Received 6th June 2023 , Accepted 24th July 2023

First published on 24th July 2023


Abstract

Surface-enhanced Raman spectroscopy (SERS) has great potential in the early diagnosis of diseases by detecting the changes of volatile biomarkers in exhaled breath, because of its high sensitivity, rich chemical molecular fingerprint information, and immunity to humidity. Here, an accurate diagnosis of oral cancer (OC) is demonstrated using artificial intelligence (AI)-based SERS of exhaled breath in plasmonic-metal organic framework (MOF) nanoparticles. These plasmonic-MOF nanoparticles were prepared using a zeolitic imidazolate framework coated on Ag nanowires (Ag NWs@ZIF), which offers Raman enhancement from the plasmonic nanowires and gas enrichment from the ZIF shells. Then, the core–shell nanochains of Ag NWs@ZIF prepared with 0.5 mL Ag NWs were selected to capture gaseous methanethiol, which is a tumor biomarker, from the exhalation of OC patients. The substrate was used to collect a total of 400 SERS spectra of exhaled breath of simulated healthy people and simulated OC patients. The artificial neural network (ANN) model in the AI algorithm was trained with these SERS spectra and could classify them with an accuracy of 99%. Notably, the model predicted OC with an area under the curve (AUC) of 0.996 for the simulated OC breath samples. This work suggests the great potential of the combination of breath analysis and AI as a method for the early-stage diagnosis of oral cancer.


Introduction

Oral cancer (OC) is the cause of a significant proportion of global cancer morbidity and mortality. At present, imaging, clinical and histopathological examinations are used to diagnose OC.1–4 Invasive tissue biopsy followed by histopathological examination is the gold standard for OC diagnosis. However, these methods are invasive, inconvenient, and patient unfriendly. Therefore, using exhaled breath for diagnosis is a promising non-invasive method. Gas chromatography-mass spectrometry (GC-MS) is the main method for detecting biomarkers in the exhaled breath of oral cancer patients.5 This method determines that volatile sulfur compounds (i.e. H2S, CH3SH and (CH3)2S) are ideal biomarkers for non-invasive screening of oral cancer. However, the analytical techniques generally require complex analytical procedures or time-consuming processes, such as preliminary enrichments or preconcentration procedures. Therefore, developing a simple, fast, non-invasive, and highly sensitive method for on-site screening and identification of volatile sulfur compounds to achieve efficient early diagnosis of oral cancer remains an urgent issue.

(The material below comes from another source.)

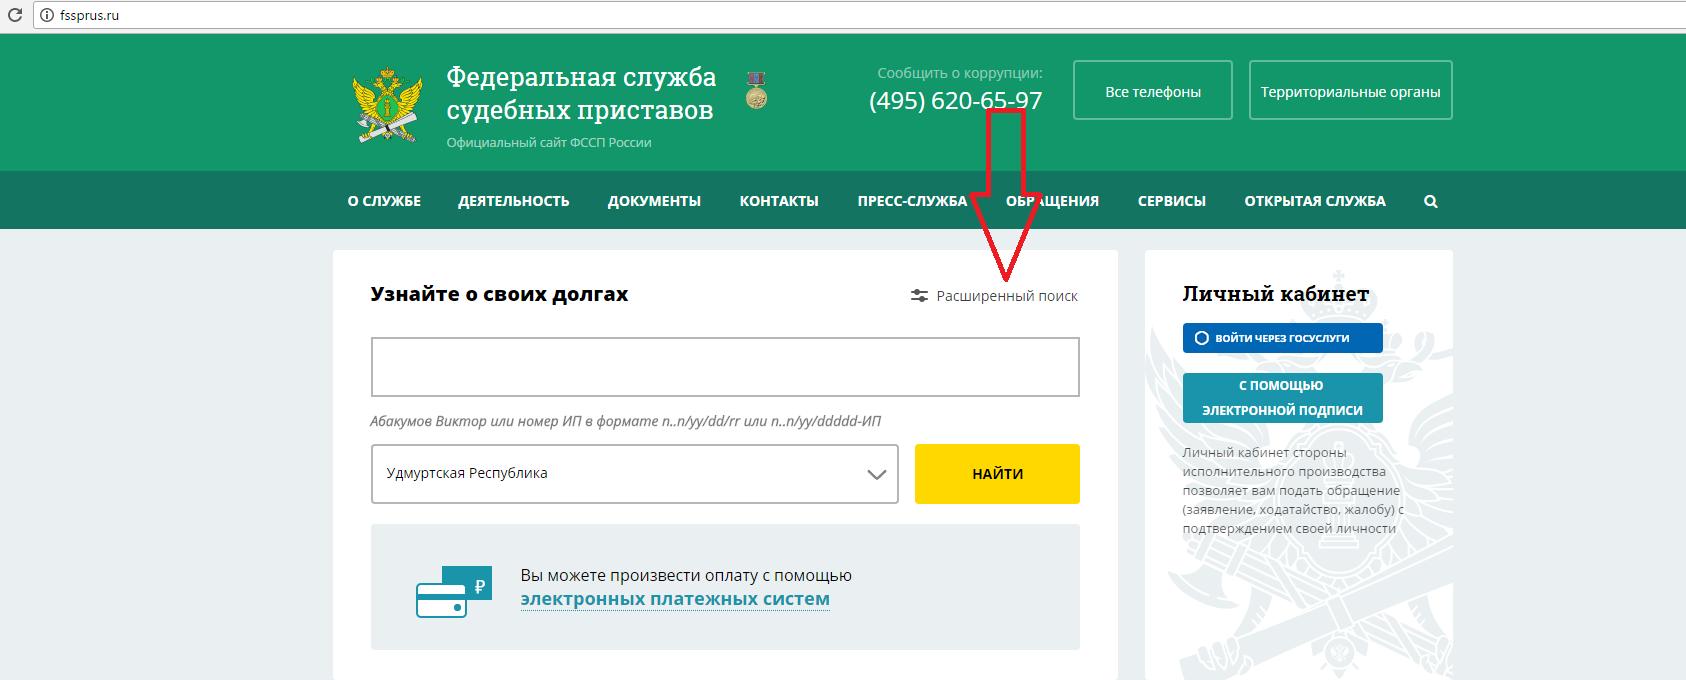 проверить долги на сайте судебных приставов г петрозаводска Внуково аэропорт

Surface-enhanced Raman spectroscopy (SERS) is considered a powerful spectroscopic analytical technology that shows high specificity and sensitivity in detecting molecules.6–11 The Raman enhancement in SERS mainly comes from the collective oscillation of free electrons at a metal surface excited by light, which are called surface plasmons (SPs). This collective oscillation reaches resonance at a suitable frequency of incident light, which could greatly confine light at the metal surface in a nanoscale region (hot spot).12 So far, a small amount of work has reported that SERS technology has been successfully applied to diagnose oral cancer from saliva of oral cancer patients based on highly active nanostructures such as gold nanoparticles,13 silver nanoparticles,14 Ag TiO2 SERS nanostructures15,16 and so on. However, there have been no reports on the use of SERS technology to diagnose oral cancer based on the biomarkers of exhaled gas from cancer patients. The method of fast and highly-sensitive SERS detection of aldehydes still needs to be expanded owing to the low number density and fast diffusion of aldehydes in exhaled breath. One of the most effective strategies used is the enrichment of the target molecules prior to analysis.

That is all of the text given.